7/1/2014 | By Sarah Borchersen-Keto
Home Properties is celebrating the 20th anniversary of its listing on the New York Stock Exchange. Pettinella reflected on what the milestone means for the company.
“It’s a huge accomplishment,” he said. Pettinella said the company remains true to the original vision of its founders, namely to buy C-quality assets and upgrade them to B-quality. Today, Home Properties has a market capitalization of about $6.5 billion, Pettinella noted, with approximately 43,000 apartment units, compared with 2,000 units two decades ago.
“Overall, it’s been a great ride,” he said.
Pettinella pointed to a number of events that he feels transformed the overall direction of the company. One was the shift from low-barrier markets in upstate New York to high-growth, high-barrier markets in 10 states on the East Coast and Chicago.
The company also decided to leave the Rust Belt, explained Pettinella, referring to the Home Properties’ former holdings in Detroit, upstate New York and the Ohio Valley.

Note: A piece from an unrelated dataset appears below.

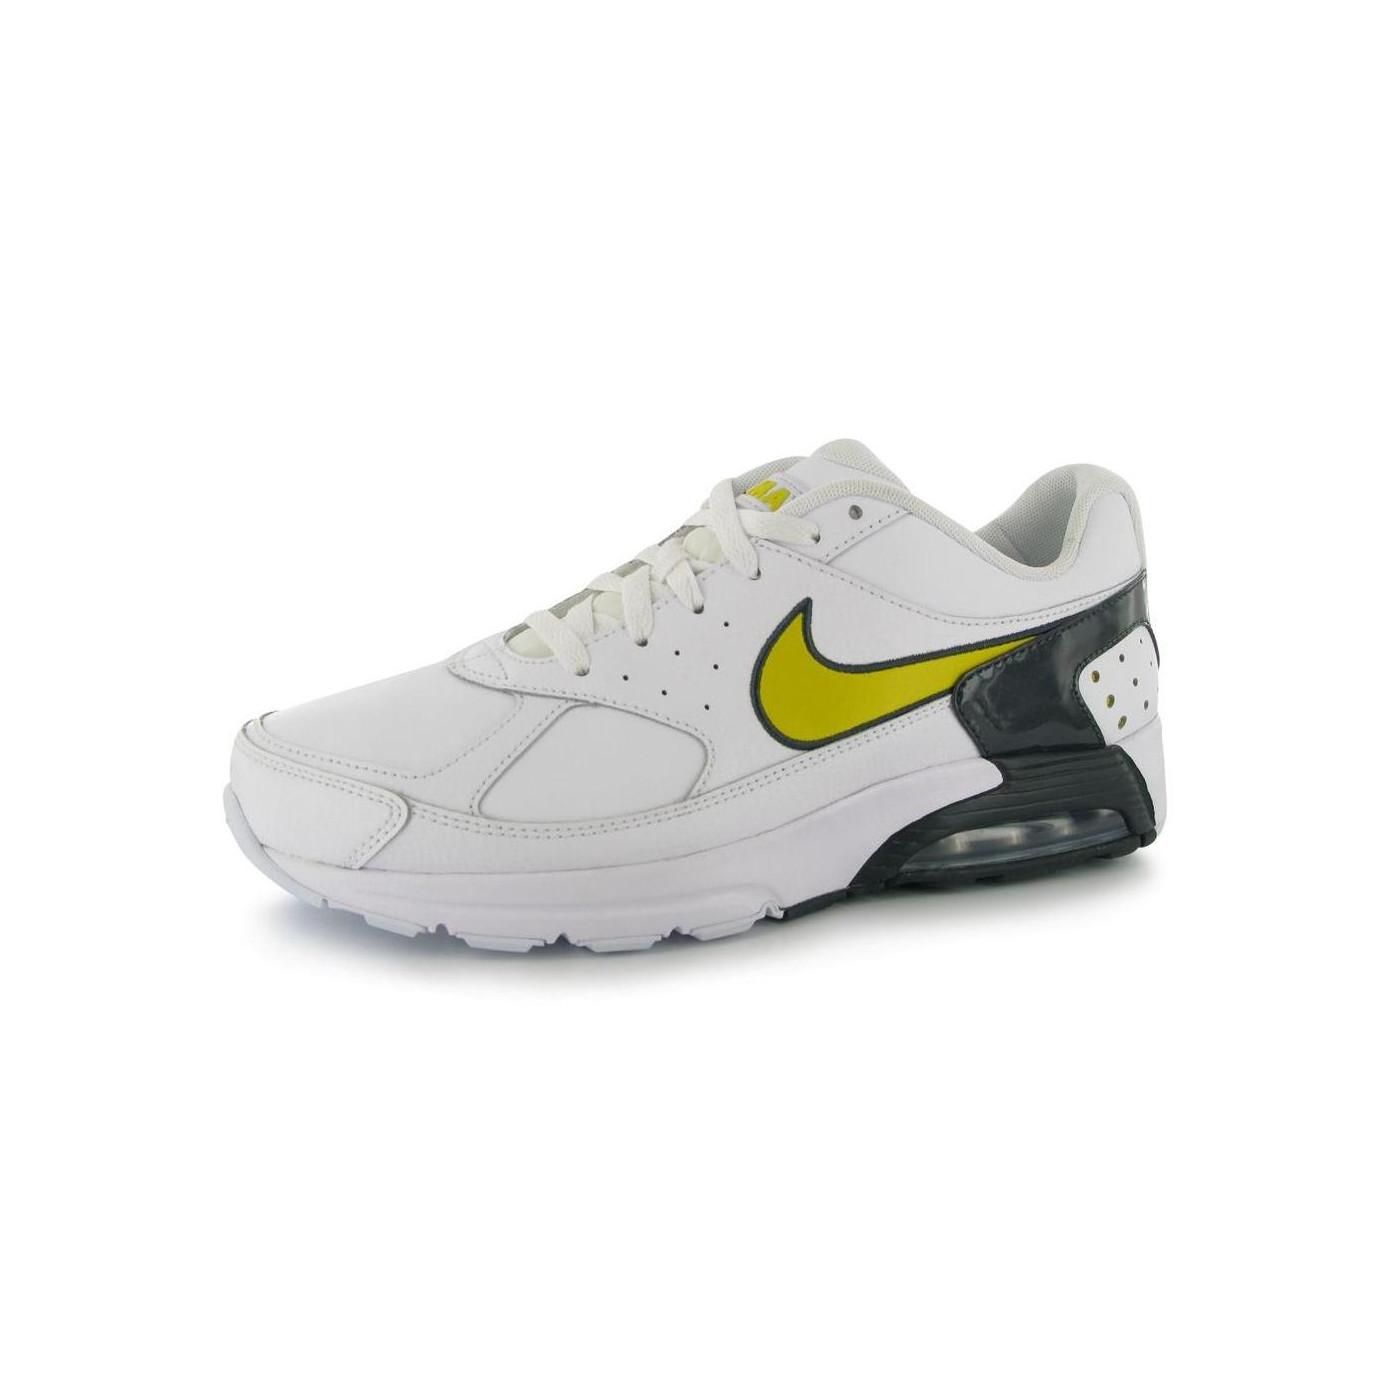 official photos 57ba0 f29e3 Nike Air Max Faze Leather Mens Running Shoes
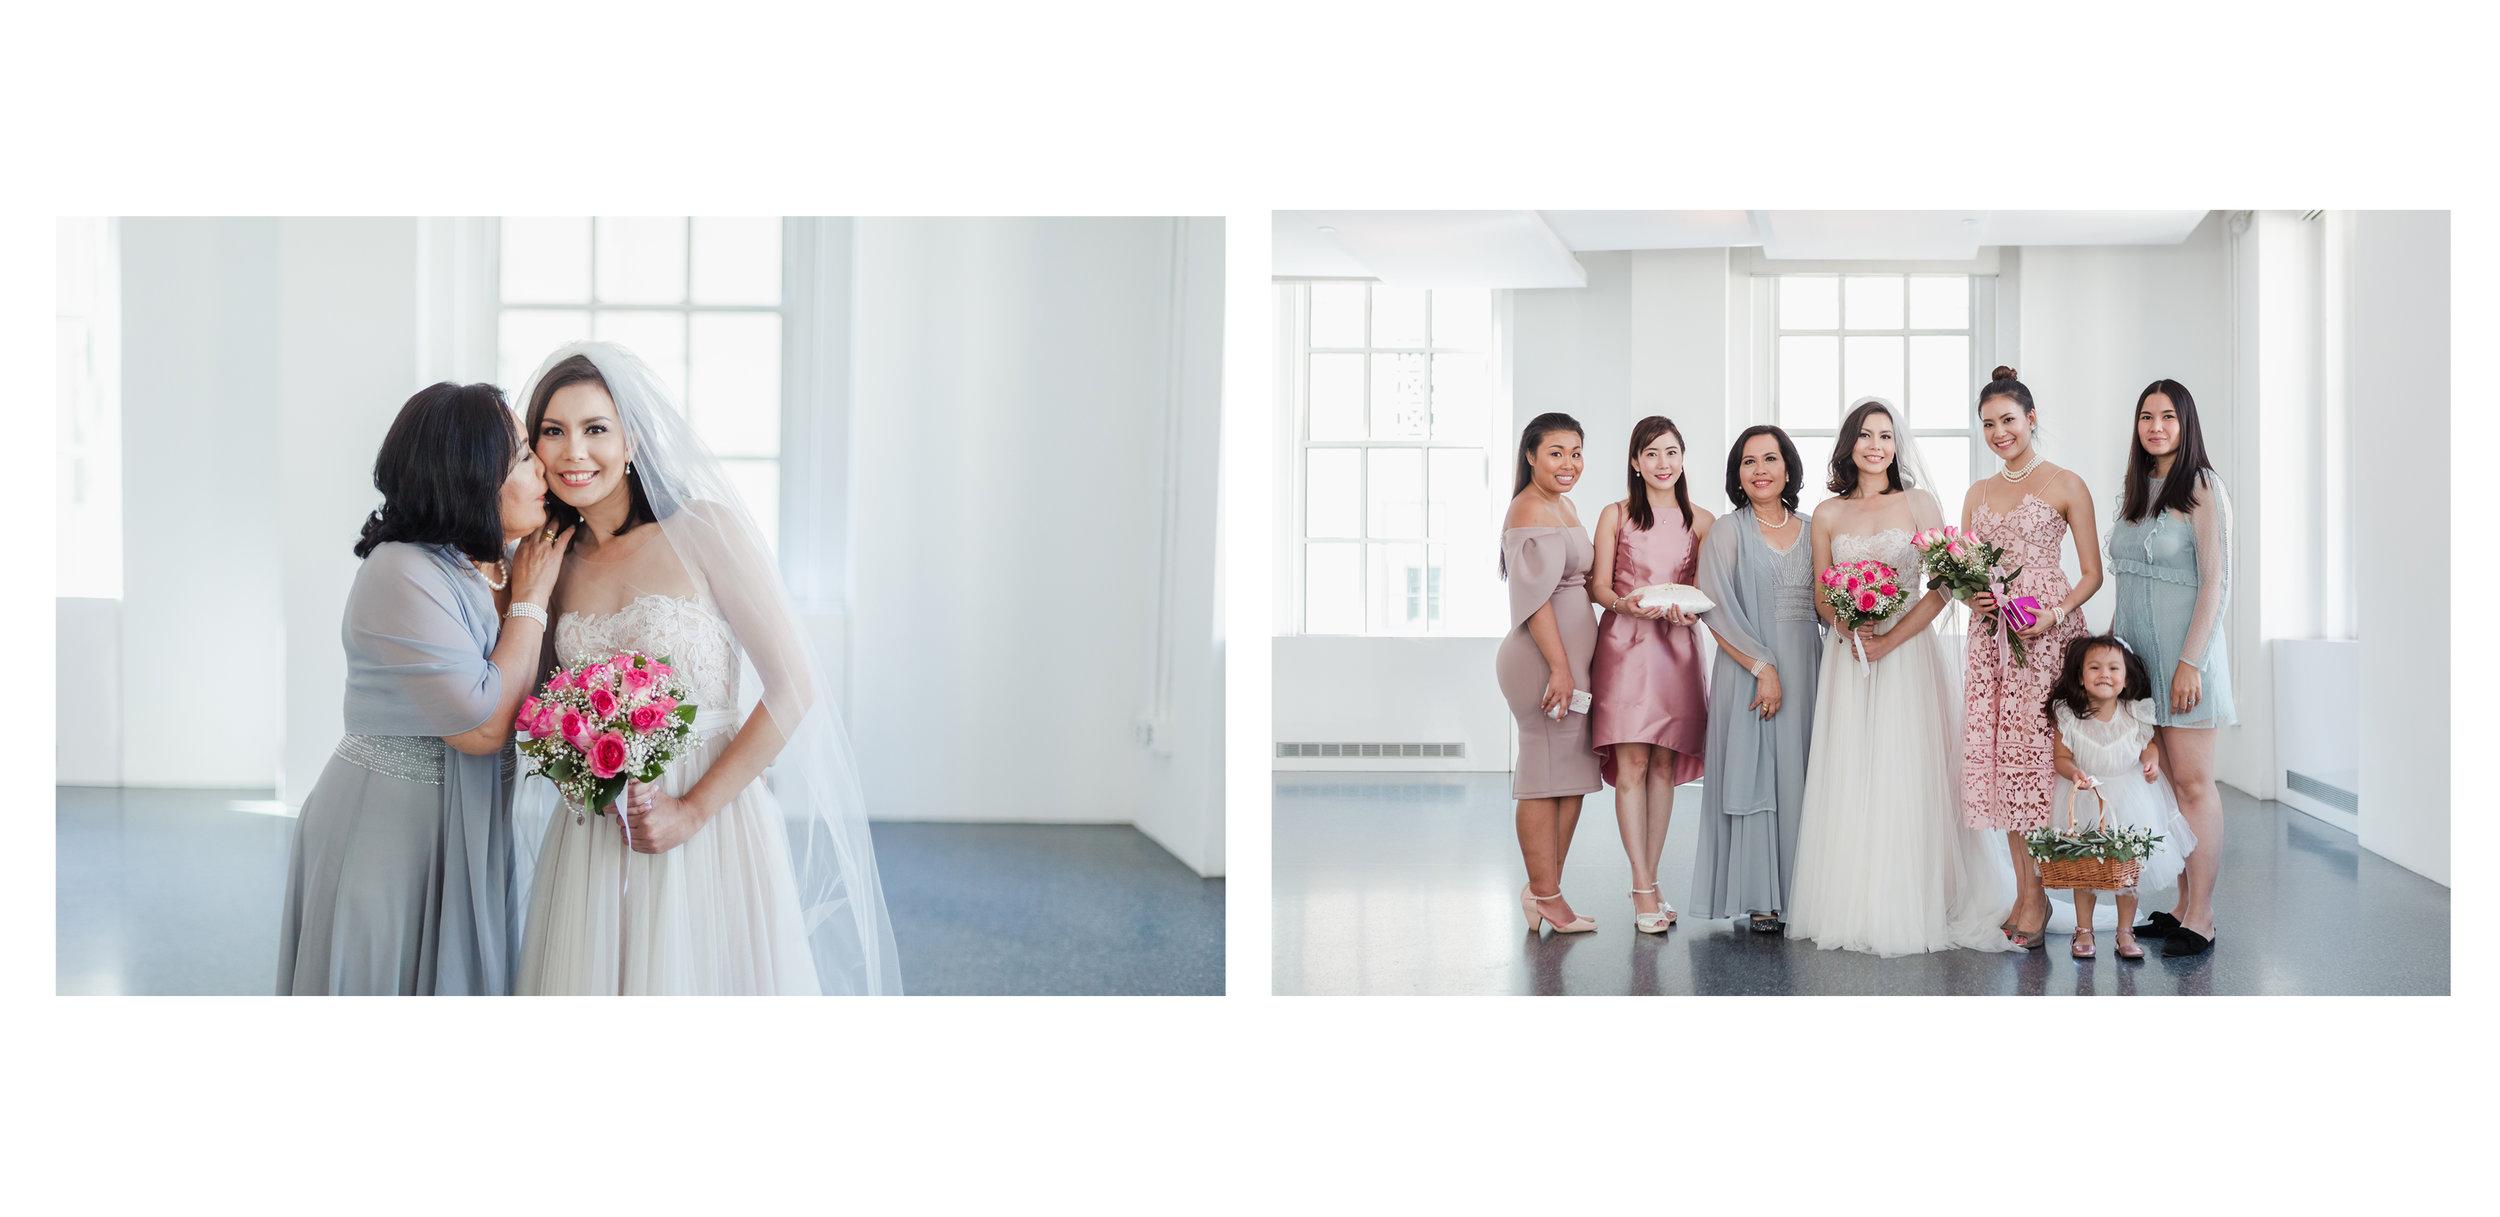 Eve&Jules_Wedding_Day_010.jpg

Meanwhile, Home Properties transitioned from a “secure shop” that borrowed completely from the government-sponsored enterprises (GSEs) to a company with investment-grade ratings, Pettinella said. He noted that the company expects to receive a BBB rating from Standard & Poor’s in August.
Pettinella also discussed the outlook for acquisitions and dispositions at his company, which has stated that it expects to spend at least $250 million on acquisitions in 2014.Home Properties’ geographic areas of interest include Philadelphia, northern New Jersey, Boston and Chicago, Pettinella said.
“Acquisitions are prevalent and we’re very aggressively going after them,” he said.
With respect to dispositions, the company did a large deal in January and expects to do another $140 million of sales this year, Pettinella said.
“That will be predicated on when we do the acquisitions,” Pettinella explained. “It should be a pretty busy year in both acquisitions and dispositions.”